- **WHAT THIS TASK INVOLVES**
Return the data exactly, apart from leaving out the pictures.

- **DATA SECTION**

════════

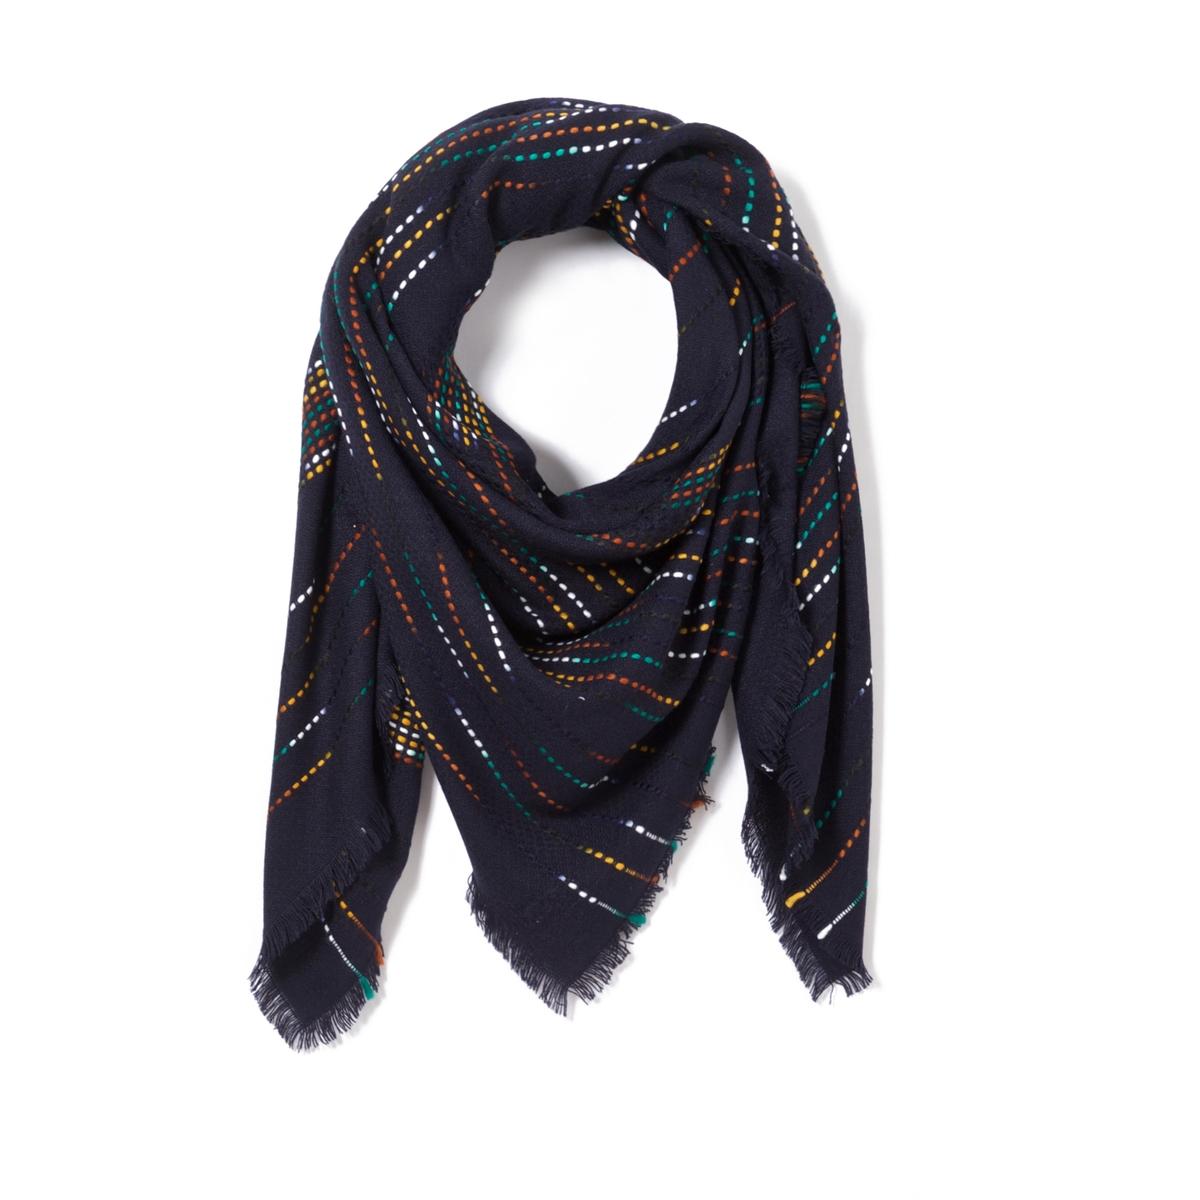 Шарф с блестящими деталямиЖенственный шарф с блестящими деталями украсит наш гардероб и придаст изысканности. Состав и описание : Материал : 100% акрилРазмеры : 160 X 160 смУход : Следуйте рекомендациям, указанным на этикетке изделия.<br><br>Цвет: бордовый,желтый горчичный,синий,черный<br>Размер: единый размер.единый размер.единый размер.единый размер
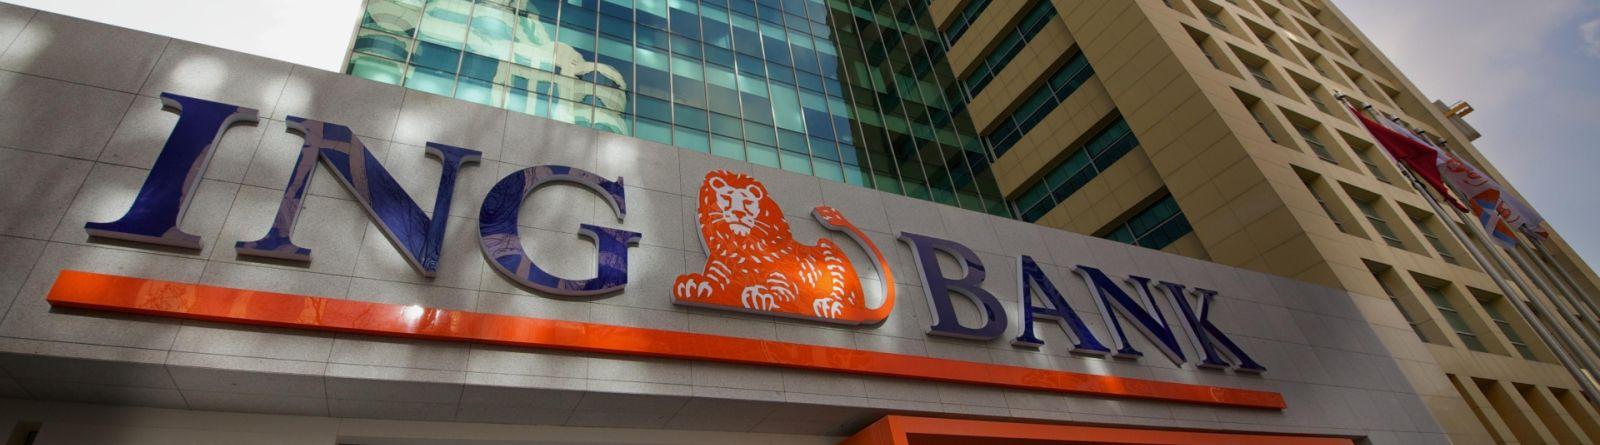 Antiriciclaggio, Ing Bank patteggia una multa da 30 milioni
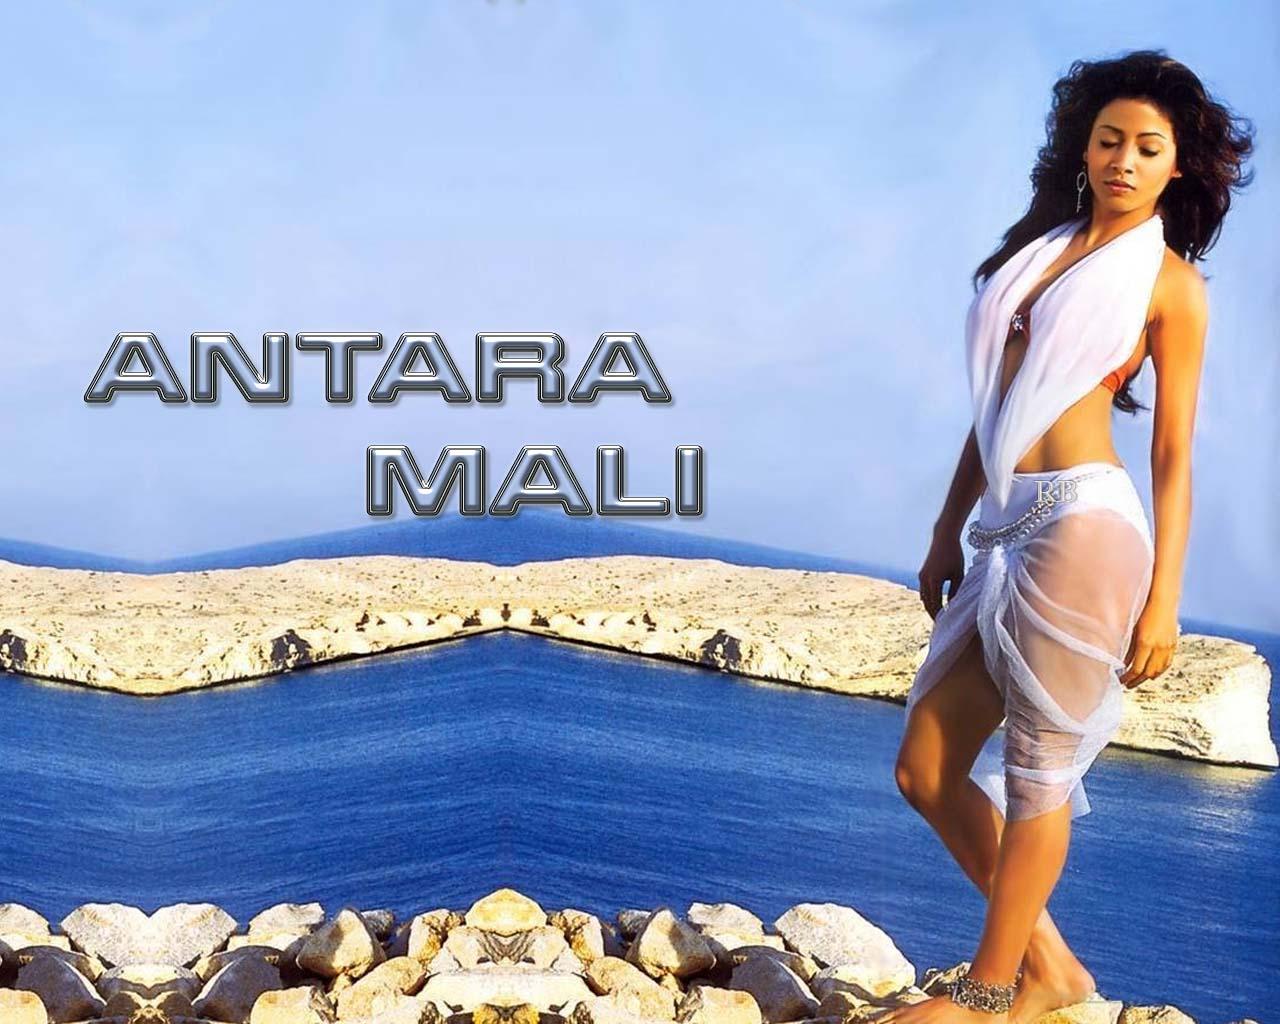 Antara Mali
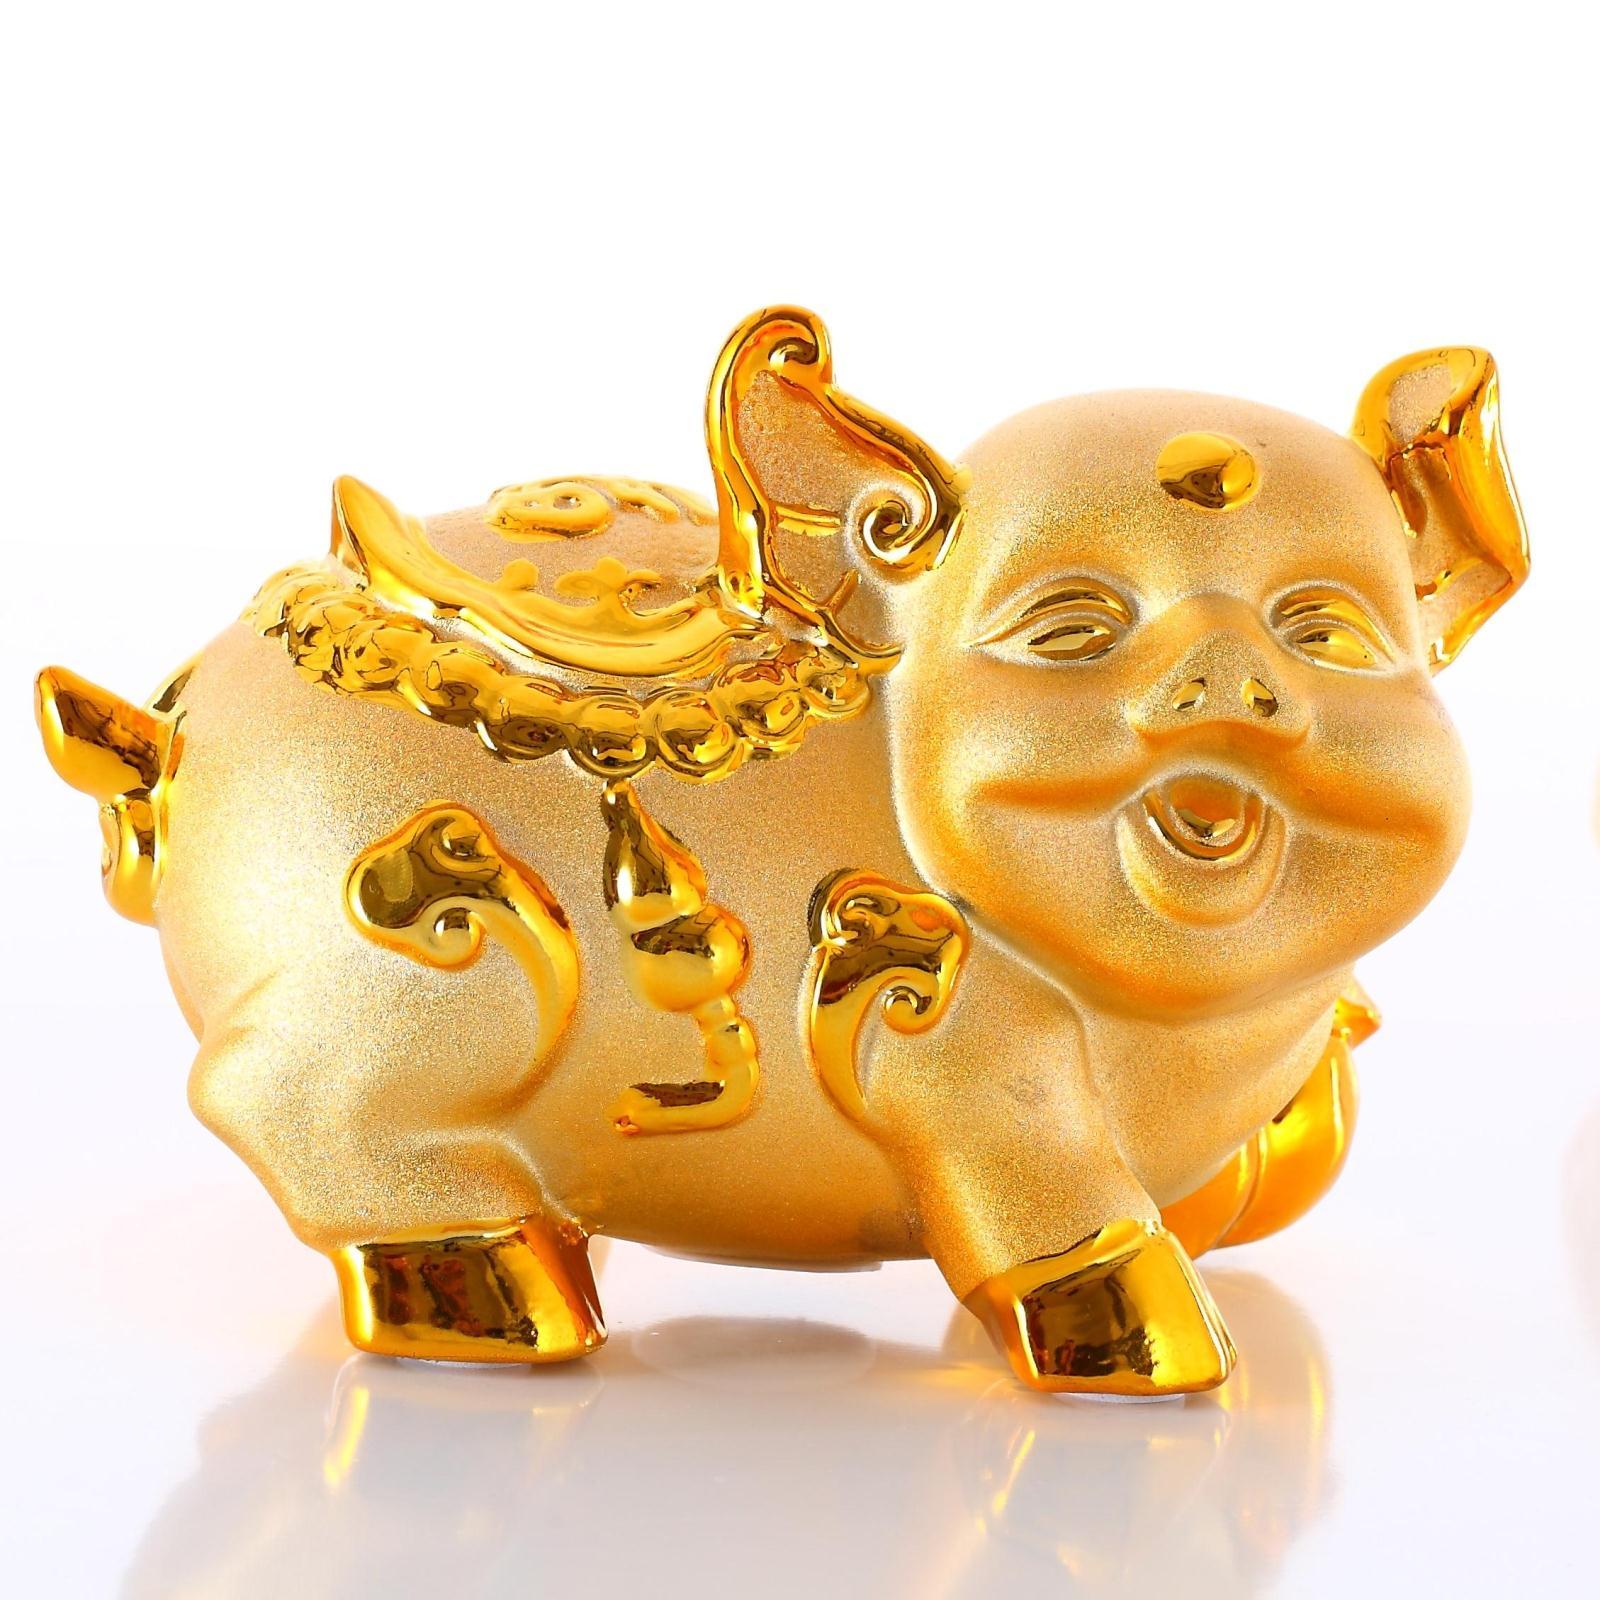 新品招财纳福金猪陶瓷储蓄罐超大号金色存钱罐镀金开业高档摆件

════════

- **WORKED SOLUTION**
 Шарф с блестящими деталямиЖенственный шарф с блестящими деталями украсит наш гардероб и придаст изысканности. Состав и описание : Материал : 100% акрилРазмеры : 160 X 160 смУход : Следуйте рекомендациям, указанным на этикетке изделия.<br><br>Цвет: бордовый,желтый горчичный,синий,черный<br>Размер: единый размер.единый размер.единый размер.единый размер
 Antiriciclaggio, Ing Bank patteggia una multa da 30 milioni
 Antara Mali
 新品招财纳福金猪陶瓷储蓄罐超大号金色存钱罐镀金开业高档摆件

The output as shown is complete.